• Task instructions:
Once "The Shedd Aquarium." turns up in a line below, reproduce that line and those after it exactly, stopping after the line with "Winsor & Newton"; leave pictures out.

• Exercise input:
╭──

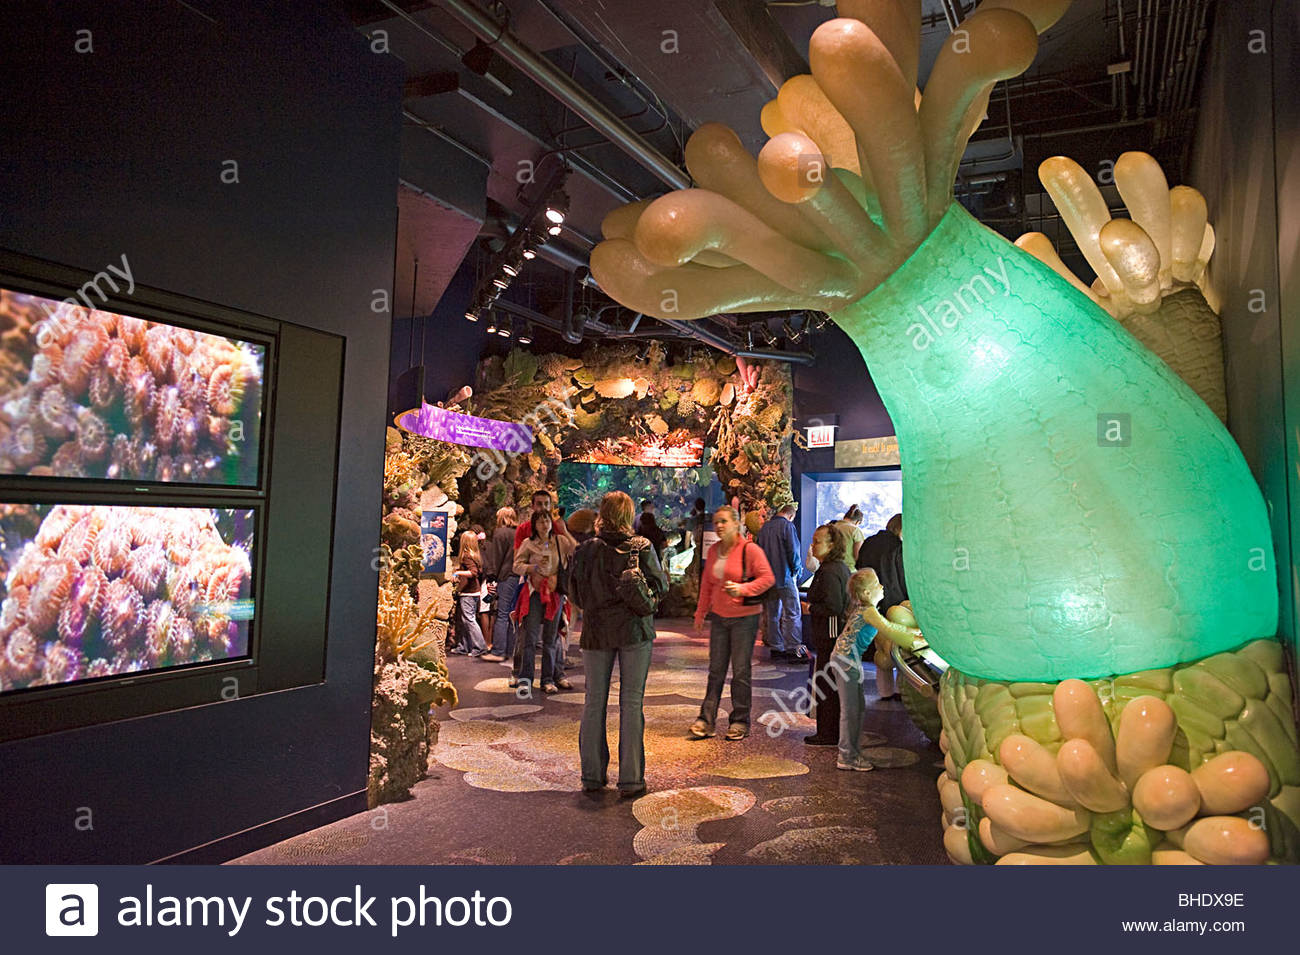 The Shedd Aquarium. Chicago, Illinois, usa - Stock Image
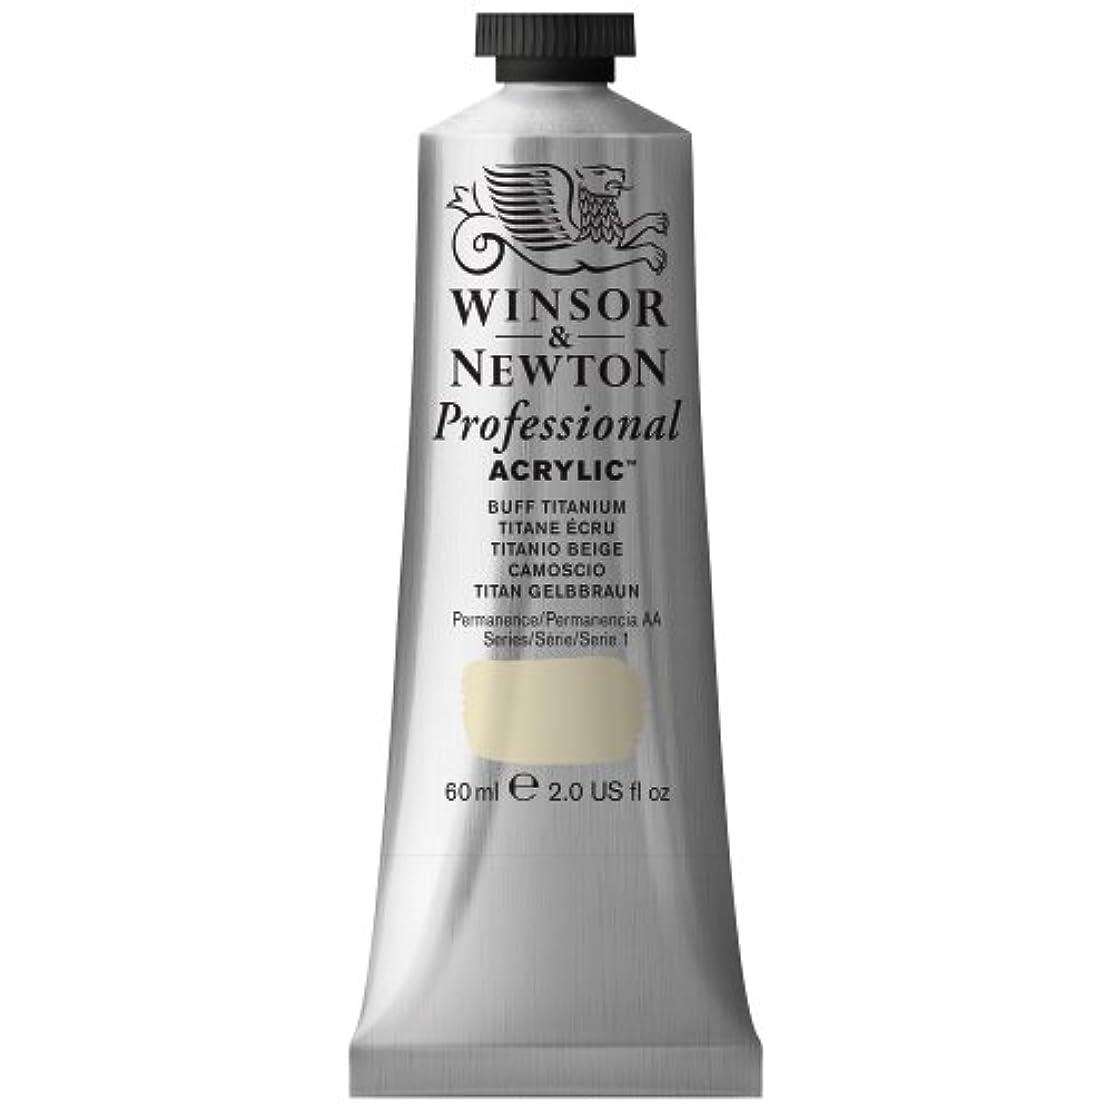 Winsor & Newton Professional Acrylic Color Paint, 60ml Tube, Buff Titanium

╰──
╭──

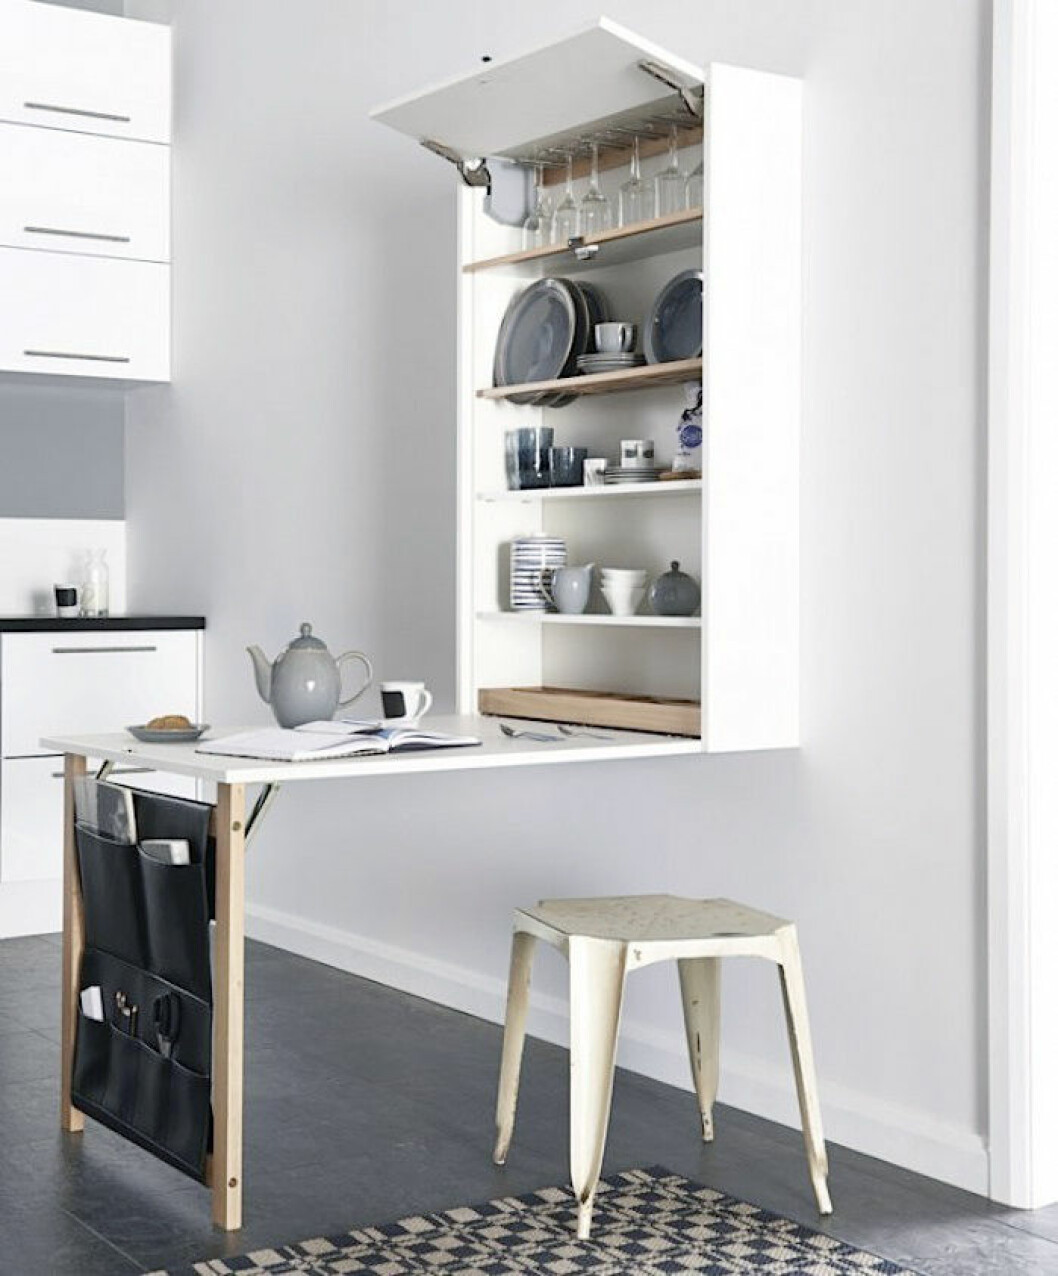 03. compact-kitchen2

╰──

• The answer:
 The Shedd Aquarium. Chicago, Illinois, usa - Stock Image
 Winsor & Newton Professional Acrylic Color Paint, 60ml Tube, Buff Titanium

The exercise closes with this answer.